Allscripts announces joint venture: focusing exclusively on human services and post-acute care

Allscripts Healthcare Solutions, a leader in healthcare IT solutions today announced a definitive agreement to combine resources with private equity firm GI Partners in a joint venture that will acquire privately held Netsmart Technologies, Inc. (“Netsmart”).  This transaction creates the largest technology company exclusively dedicated to human services and post-acute care.  
The joint venture will combine the Allscripts Homecare™ business, which serves more than 30,000 home health, private duty and hospice clinicians in the U.S., Guam and Puerto Rico, with Netsmart, whose clients span 23,000 organizations, including more than 450,000 care providers and more than 40 state systems.  The new company will focus on enhancing human services, post-acute care and outcomes, helping providers respond to evolving compliance and regulatory demands, and improve efficiency and performance.
On a pro-forma basis, excluding impact from any purchase accounting effects, the combination creates a company with more than $250 million in annual revenue and more than $60 million in annual operating income.  Upon completion of this transaction, the combined business will operate as Netsmart and be based in its current headquarters in Overland Park, Kansas.
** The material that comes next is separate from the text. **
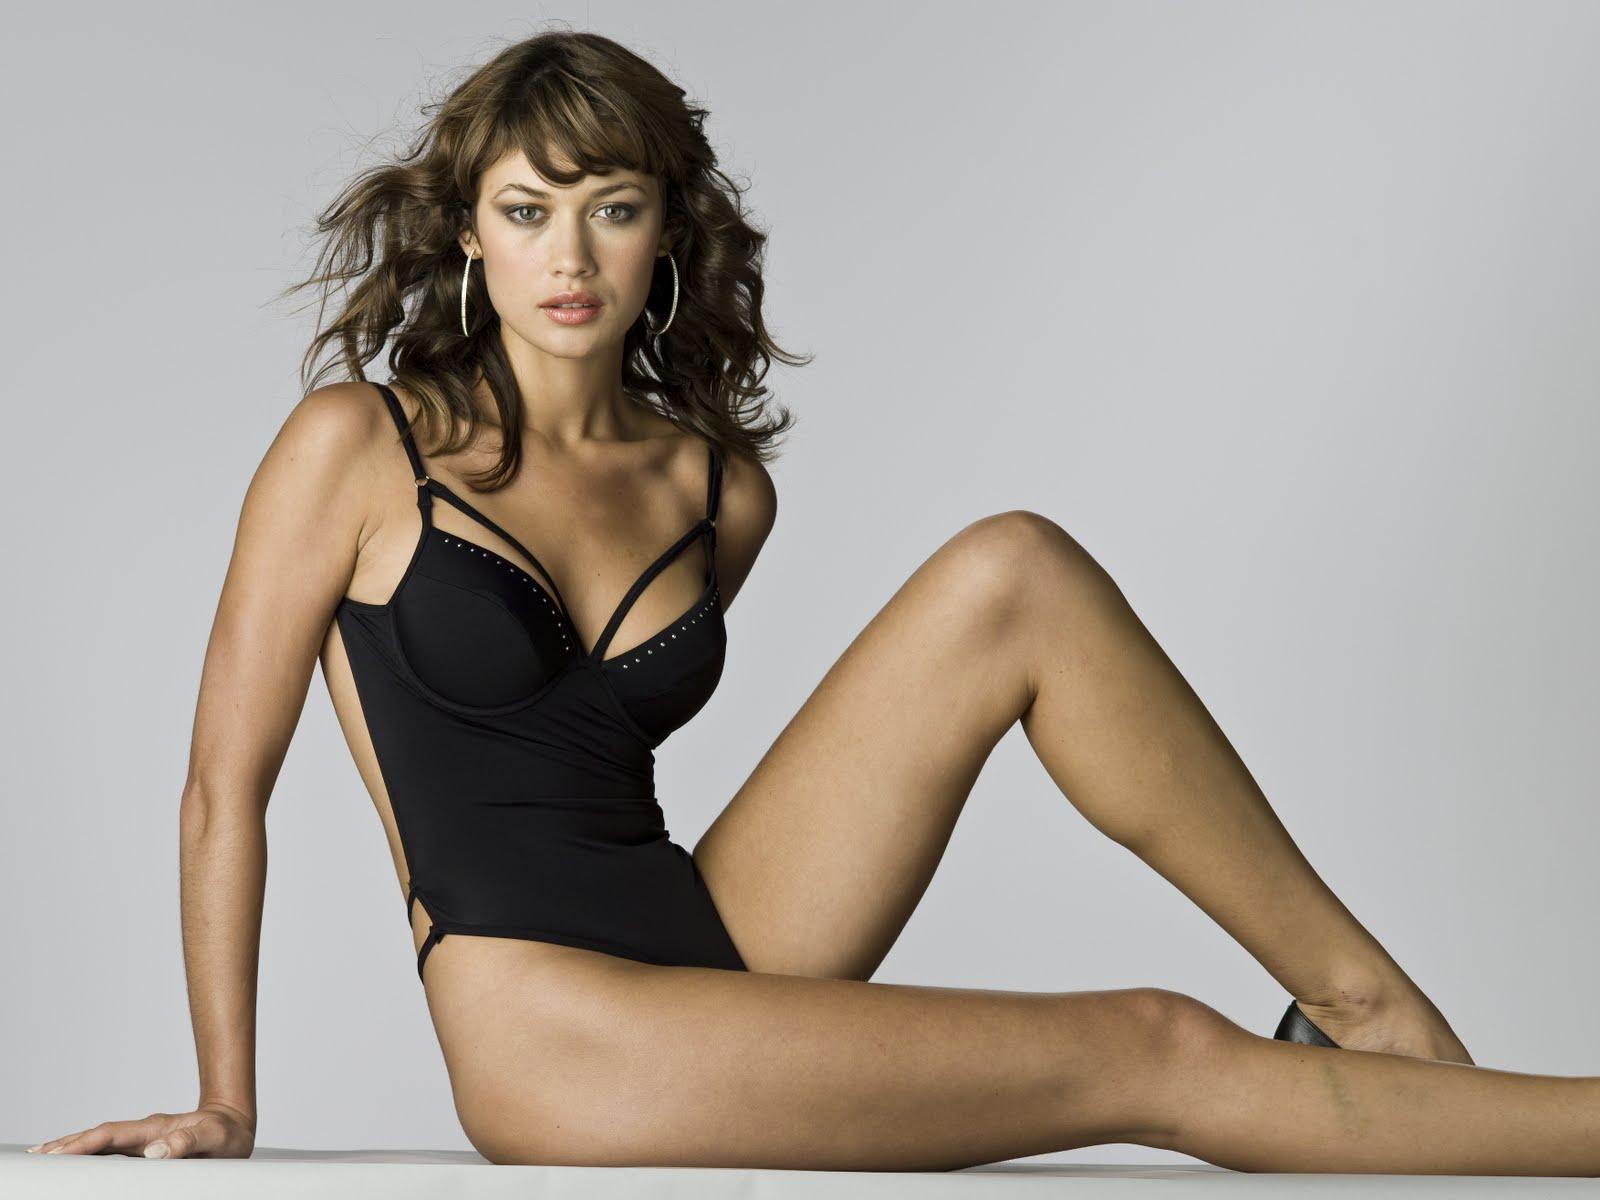 Olga Kurylenko – Actresses – The premium gallery of HQ Pictures ...

Mike Valentine, Netsmart’s Chief Executive Officer, will lead the combined company.
“We are thrilled to join forces with Netsmart and GI Partners to immediately establish a technology solutions leader in the strategic human services and post-acute care market,” said Paul Black, Chief Executive Officer of Allscripts.  “Creating a software and services platform for caregivers to manage patients through the combined realities of post-acute care and mental health is absolutely essential to achieving the value-based care goal of healthy communities and populations.  This joint venture finally brings scale with a depth and breadth of solutions required to navigate the immense opportunities in this growing global marketplace.”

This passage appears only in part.